Mr. Rawat also questioned why government took Mr. Hyman’s advice over that of the then-attorney general, who had expressed concerns about the BVI Airways deal. This decision, the counsel suggested, was “inconsistent with the principles of good governance.”
Reservations
Mr. Smith told the COI that he was aware of the AG’s reservations about the deal. He added that he didn’t necessarily favour Mr. Hyman’s opinion over the AG’s, explaining that Mr. Hyman’s advice was only “one of the opinions that was considered.”
Dr. Smith said he initially had no reason to think that Mr. Hyman wasn’t acting in the best interest of the government.
However, the commission noted that during recent arbitration between BVI Airways and the government, the arbitrator stated based on pieces of 2014 correspondence that Dr. Smith “could only have thought that Mr. Hyman was with the airline, not the government, or at most a go-between,” Mr. Rawat quoted.
‘A hope’
The COI’s next potential criticism suggested that government failed to adopt or even “properly consider” the amendments made by the attorney general in draft agreements that would have more strongly protected government’s interest in the venture.
However, Dr. Smith claimed in his written response that his government was acting in “good faith and expected the operator parties to do the
same.”
Finally, the COI suggested the criticism that Dr. Smith, as minister of finance, authorised the $7.2 million in payments without any guarantee of performance by BVI Airways and before the airline was authorised to fly.

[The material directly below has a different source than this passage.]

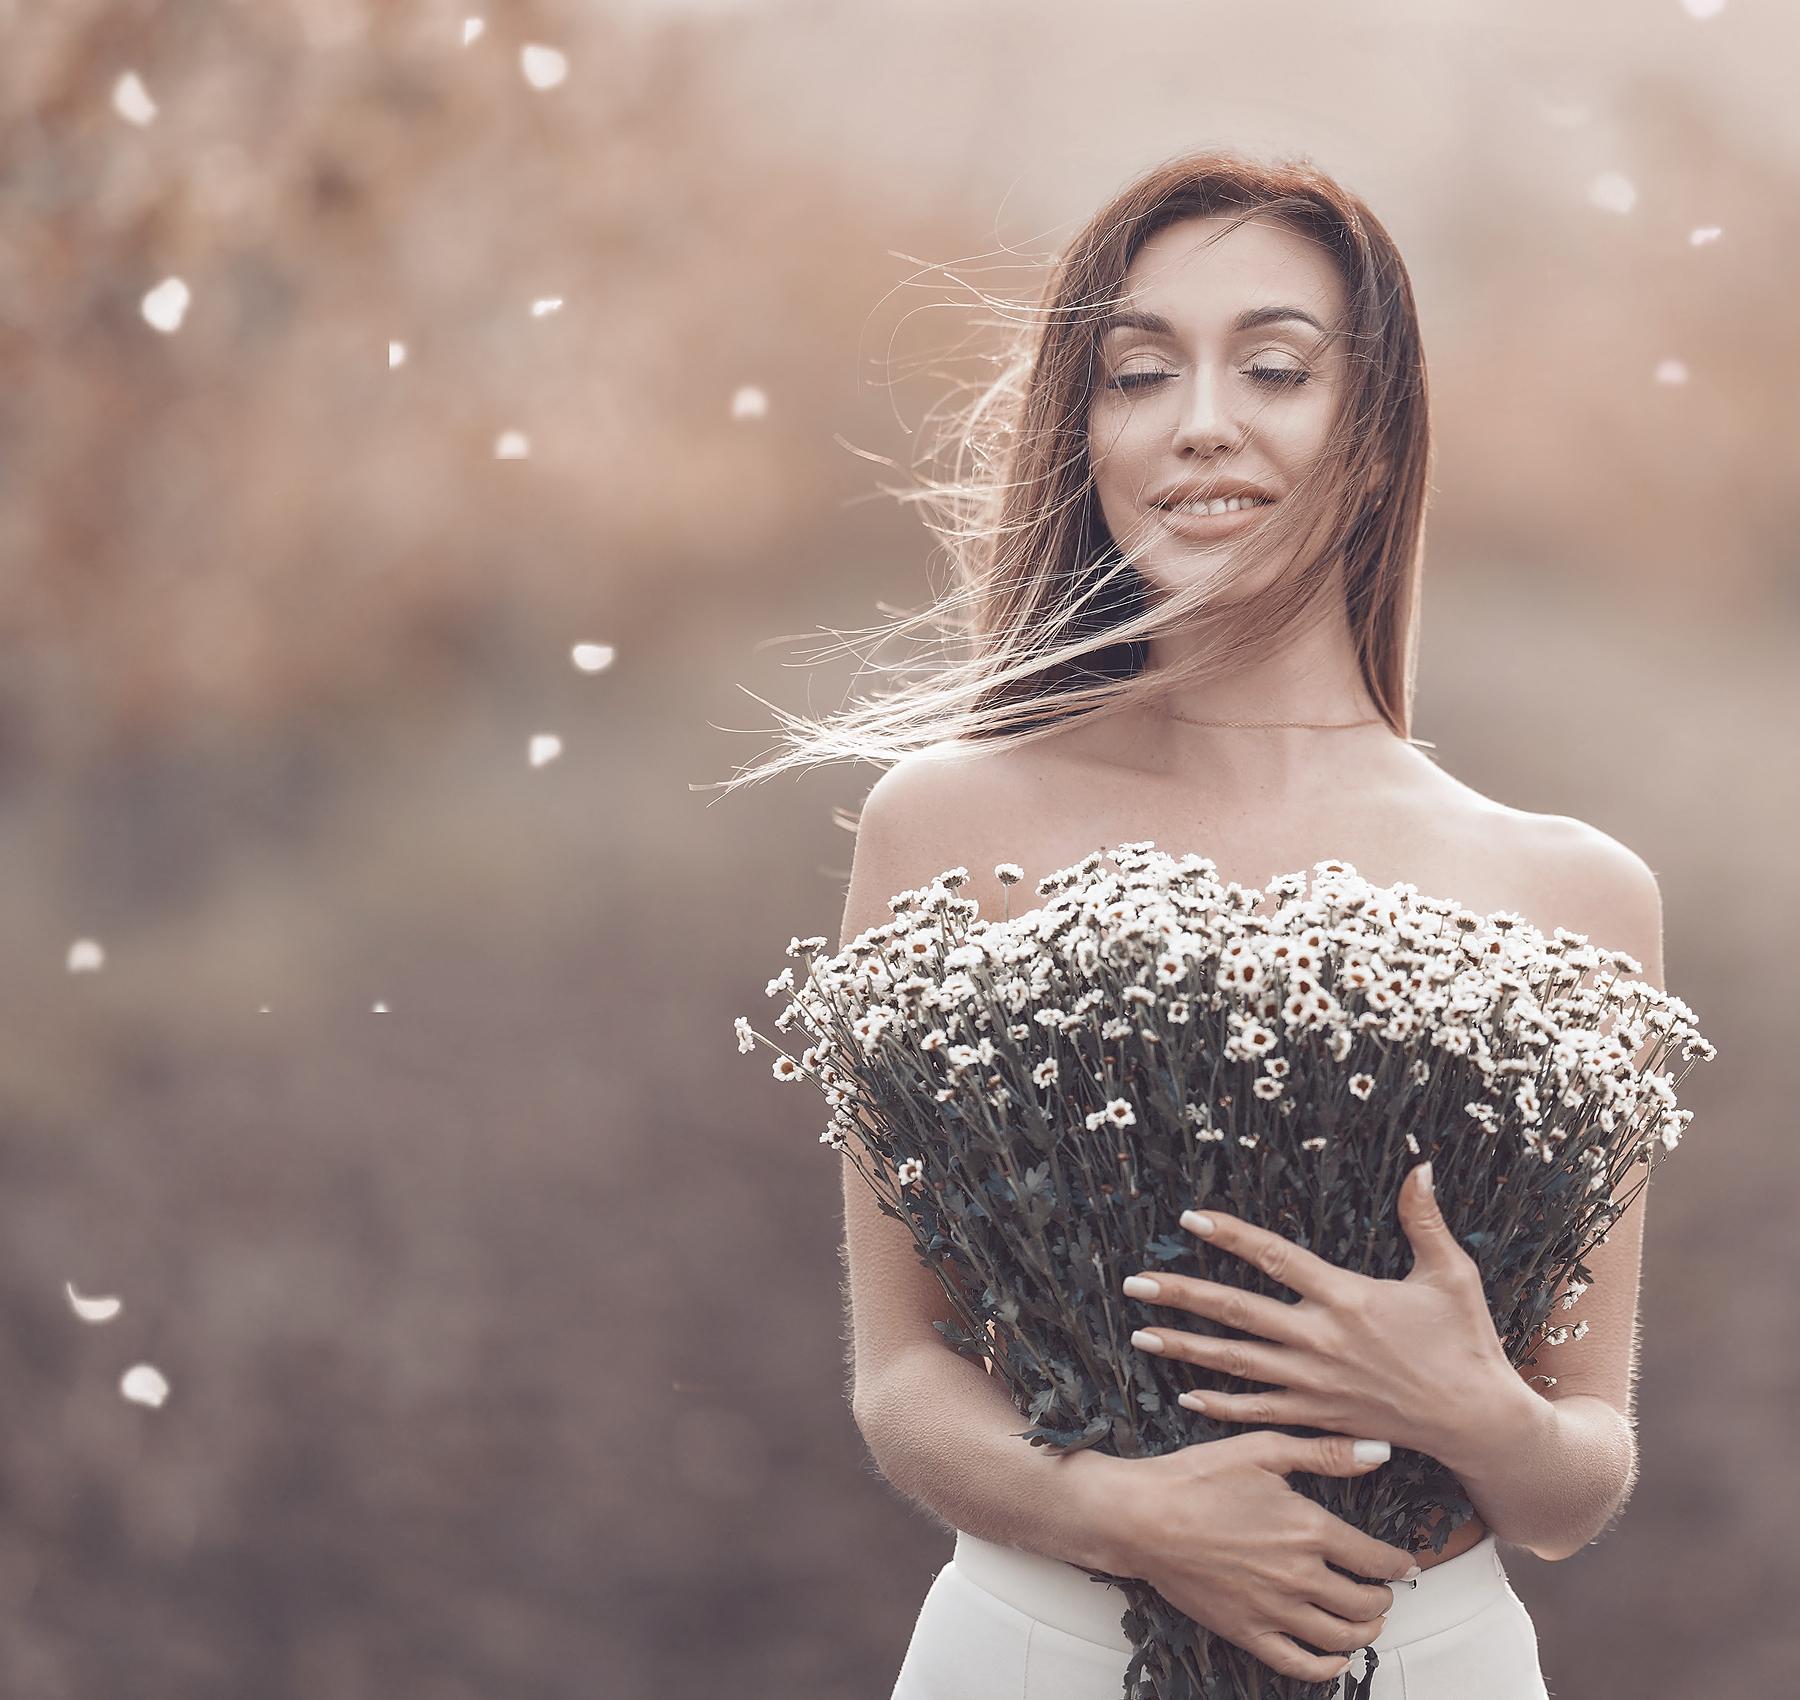 Мой Мир - мои правила / фото Photographyzp Yana

But both the former premier and former financial secretary maintained that their priority was to implement an effective direct airlift between
the VI and Miami.
Because the territory had failed to secure a letter of credit required by the BVI Airways deal, they said they thought the payments would help move the process along.
However, Commissioner Sir Gary Hickinbottom suggested that in the absence of any written agreement, that was merely “a hope.”
‘An expectation’
Dr. Smith responded that it was “an expectation based on the agreement that we had before that they would provide service once we made the first contribution.”